US Naval Academy defends race-conscious admissions policies at trial

U.S. Naval Academy graduation in Annapolis

By Mike Scarcella and Nate Raymond

BALTIMORE (Reuters) -The group that persuaded the U.S. Supreme Court to bar the consideration of race in college admissions took the U.S. Naval Academy to trial on Monday in an effort to end a carve-out that allows military academies to still employ affirmative action policies.

A lawyer for Students for Fair Admissions (SFFA), a group founded by affirmative action foe Edward Blum, told a federal judge in Baltimore that the Naval Academy was unlawfully applying “significant” racial preference when deciding who should be admitted to the Annapolis, Maryland-based school.

The group is seeking to build on the June 2023 ruling in its favor by the 6-3 conservative majority U.S. Supreme Court banning policies used by civilian colleges and universities for decades to increase the number of Black, Hispanic and other minority students on American campuses.

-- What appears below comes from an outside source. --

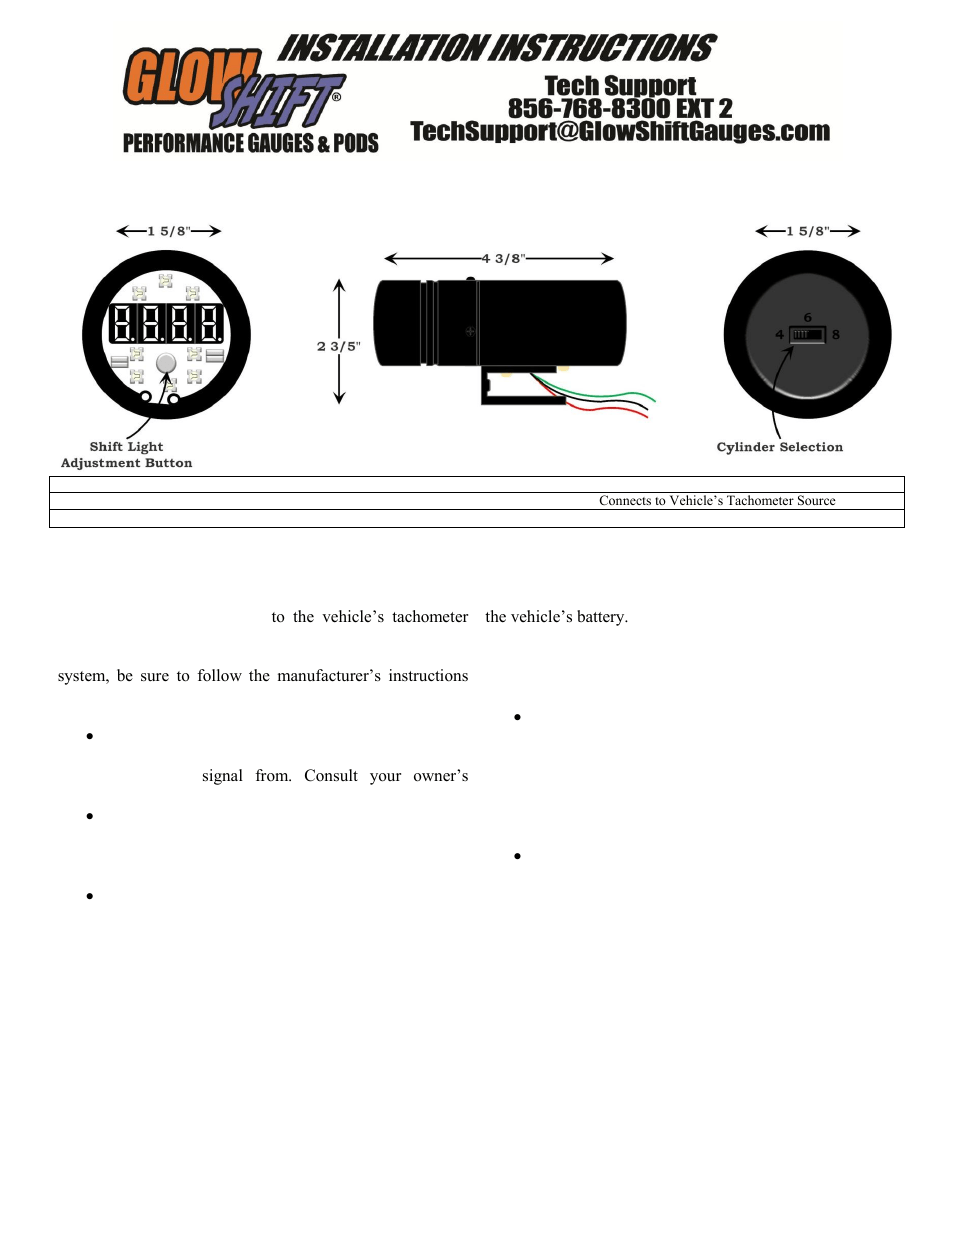 medium resolution of glowshift digital tachometer w shift light user manual 2 pages also for digital tachometer

The ruling, though, explicitly did not address the consideration of race as a factor in admissions at military academies, which conservative Chief Justice John Roberts said had "potentially distinct interests."

Democratic President Joe Biden's administration has cited the need to ensure the Naval Academy has a diverse pipeline of students that can help it address a racial gap that still exists between service members and officers within the U.S. Navy and U.S. Marine Corps.

But Adam Mortara, a lawyer for SFFA, argued it had never looked at whether its student body's diversity would change if it ended its race-conscious admissions practices and lacked any meaningful power to effect change in the armed forces' officer ranks.

"If they can't meaningfully move the ball, they can’t do it all,” Mortara told U.S. District Judge Richard Bennett in his opening statement.

U.S. Justice Department lawyer Joshua Gardner countered that the academy had a compelling interest in diversity, which he said benefited military performance, recruitment and retention efforts.

He stressed that its consideration of race was limited and part of a “holistic” admissions process. "No candidate is admitted solely because of their race," Gardner said.

The trial comes a year after the Supreme Court invalidated race-conscious admissions policies used by Harvard and the University of North Carolina, both of which SFFA has sued and accused of discrimination.

Blum's group argues that the Supreme Court's ruling should be extended to those military academies, whose policies it claims are discriminatory and violate the principle of equal protection in the U.S. Constitution's Fifth Amendment.

It has filed two lawsuits to end the exception, the other of which is pending in New York state against the U.S. Military Academy at West Point.